I have a document with one page and when i try to apply a PDF_A_2A conformance level I have the exception below
iText.Kernel.Exceptions.PdfException: Unexpected end of file.
at iText.Kernel.Pdf.Canvas.Parser.Util.PdfCanvasParser.ReadDictionary()
at iText.Kernel.Pdf.Canvas.Parser.Util.PdfCanvasParser.Parse(IList`1 ls)
at iText.Pdfa.Checker.PdfA1Checker.CheckContentStream(PdfStream contentStream)
at iText.Pdfa.Checker.PdfAChecker.CheckPage(PdfPage page)
at iText.Pdfa.Checker.PdfAChecker.CheckPages(PdfDocument document)
at iText.Pdfa.Checker.PdfAChecker.CheckDocument(PdfCatalog catalog)
at iText.Kernel.Utils.ValidationContainer.Validate(ValidationContext context)

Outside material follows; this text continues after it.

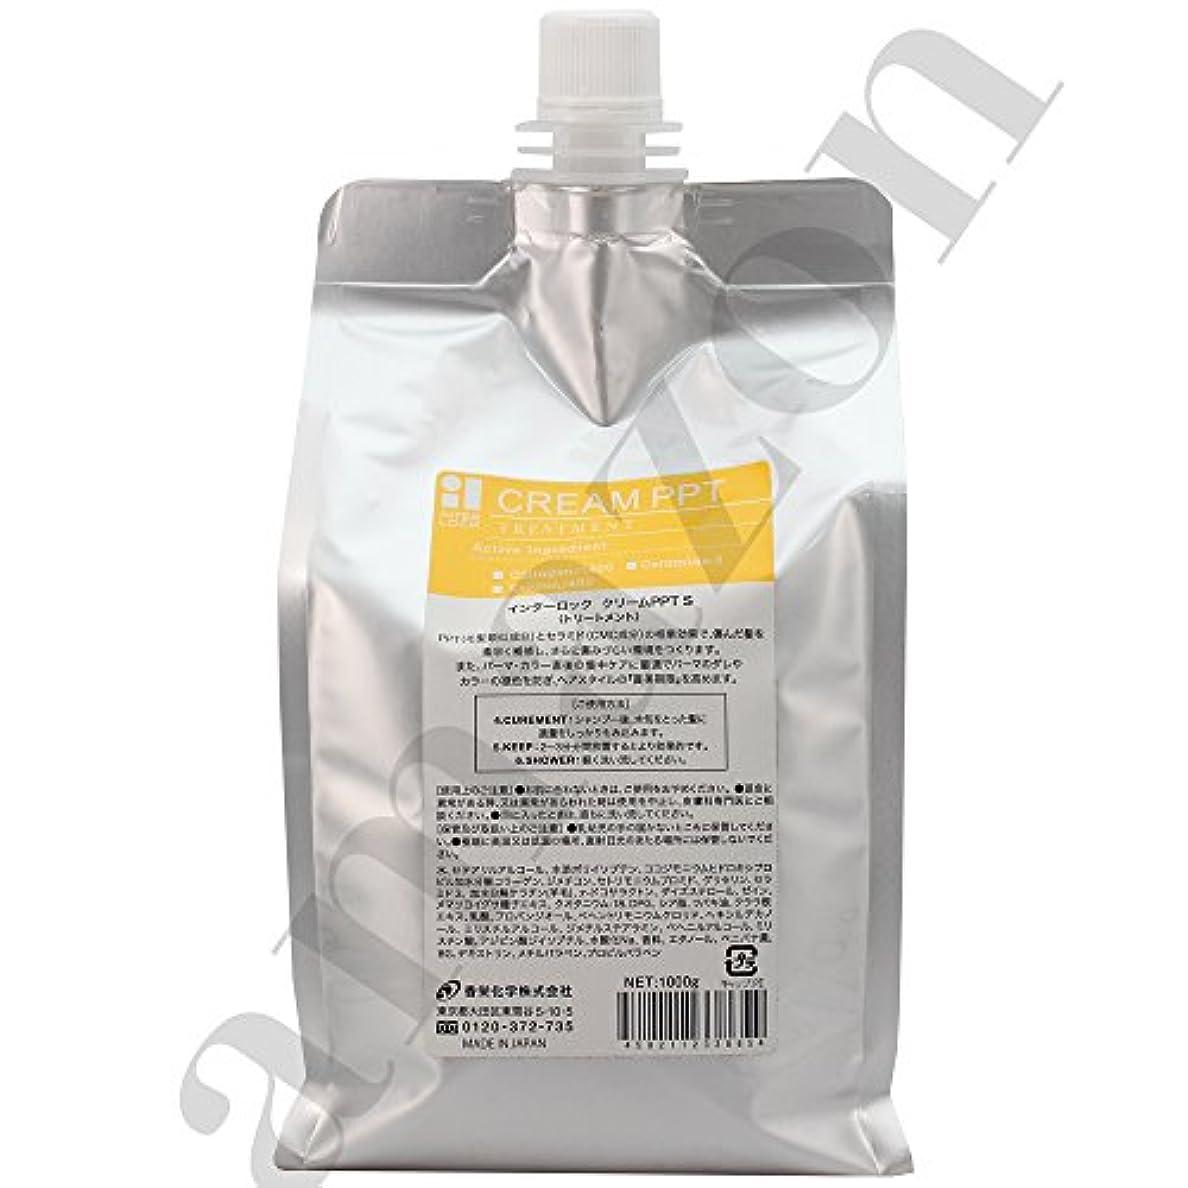 困惑するアナログうん香栄化学 インターロック クリームPPT S レフィル 1000g
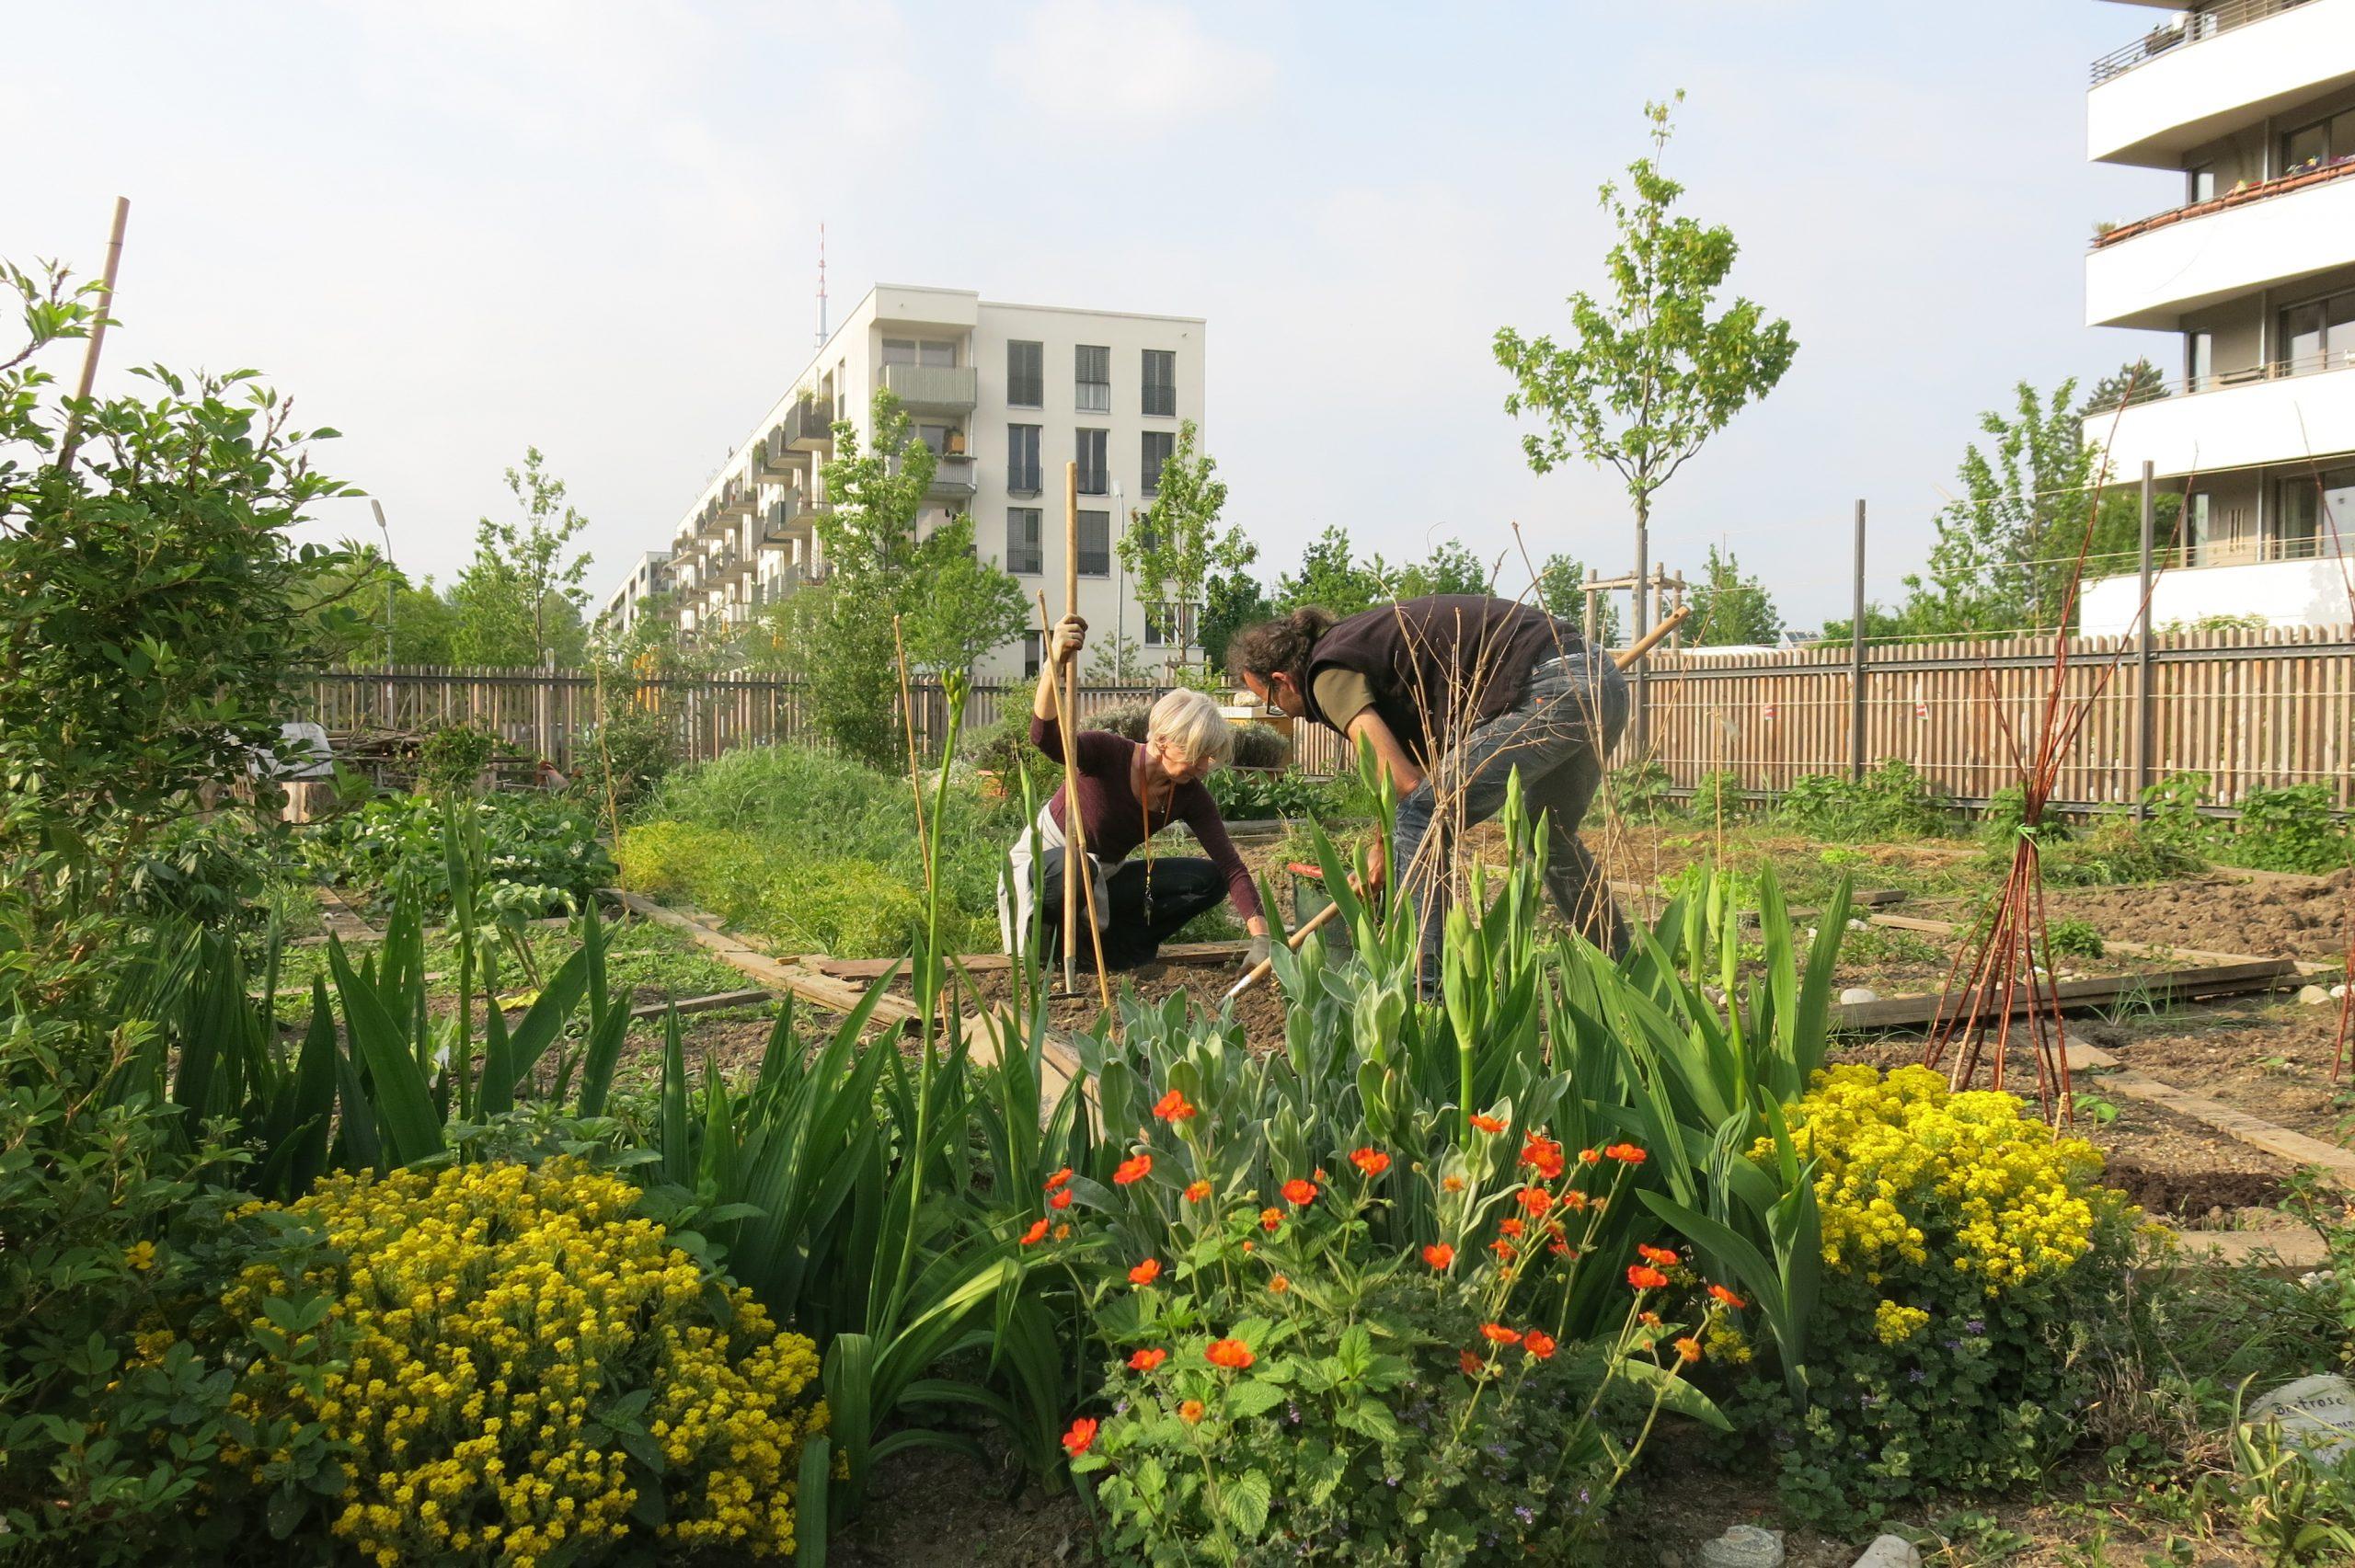 NachbarschaftsBörse am Ackermannbogen: Im StadtAcker wächst Gartenwissen, Gemüse und Gemeinschaft

at iText.Kernel.Pdf.PdfDocument.Close()
Im using this piece of code to go through the original file and copy the pages one by one to the new PdfADocument
using (PdfADocument pdfADoc = new PdfADocument(writer, pdfAConformanceLevel, CreateOutputIntent(false)))
{
pdfADoc.GetDocumentInfo().SetCreator("Scan2x");
using (PdfDocument existingDoc = new PdfDocument(pdfReader))
{
int numberOfPages = existingDoc.GetNumberOfPages();
for (int i = 1; i <= numberOfPages; i++)
{
PdfPage page = existingDoc.GetPage(i);
//PdfDictionary pageDictionary = page.GetPdfObject();
pdfADoc.AddPage(page.CopyTo(pdfADoc));
}
//existingDoc.CopyPagesTo(1, existingDoc.GetNumberOfPages(), pdfADoc);
pdfADoc.SetTagged();
pdfADoc.GetCatalog().SetLang(new PdfString("en-US"));
pdfADoc.GetCatalog().SetViewerPreferences(new PdfViewerPreferences().SetDisplayDocTitle(true));
}
}
private static PdfOutputIntent CreateOutputIntent(bool hasCmykOutputIntent)
{
string exeDirectory = AppDomain.CurrentDomain.BaseDirectory;
string colourProfilePath = "";
if (hasCmykOutputIntent)
colourProfilePath = Path.Combine(exeDirectory, "CMYK.icc");
else
colourProfilePath = Path.Combine(exeDirectory, "sRGBColor.icm");
Stream iccProfileStream = File.OpenRead(colourProfilePath);
return new PdfOutputIntent("Custom", "", "http://www.color.org", hasCmykOutputIntent ? "CMYK" : "sRGB IEC61966-2.1", iccProfileStream);
}
My page dictionary is
<</Contents [114 0 R 115 0 R 116 0 R 117 0 R 118 0 R 119 0 R 120 0 R 121 0 R ] /CropBox [0 0 594.96 842.04 ] /Group <</CS /DeviceRGB /S /Transparency /Type /Group >> /MediaBox [0 0 594.96 842.04 ] /Parent 108 0 R /Resources <</ColorSpace <</CS0 132 0 R >> /Font <</C2_0 137 0 R /C2_1 143 0 R /TT0 146 0 R /TT1 149 0 R >> /ProcSet [/PDF /Text /ImageC /ImageI ] /XObject <</Im0 129 0 R >> >> /Rotate 0 /StructParents 0 /Tabs /S /Type /Page >>
First of all, your code does not what you hope it does: You appear to hope that when you add pages to a PdfADocument
from some arbitrary PdfDocument
, these classes ensure that the result is PDF/A compliant. This is not the case.
PdfADocument
helps you create PDF/A compliant documents. In particular it adds the claim that the document is PDF/A compliant and executes a number of tests checking some PDF/A requirements. But it doesn't do magic. It doesn't make imported PDF contents PDF/A compliant.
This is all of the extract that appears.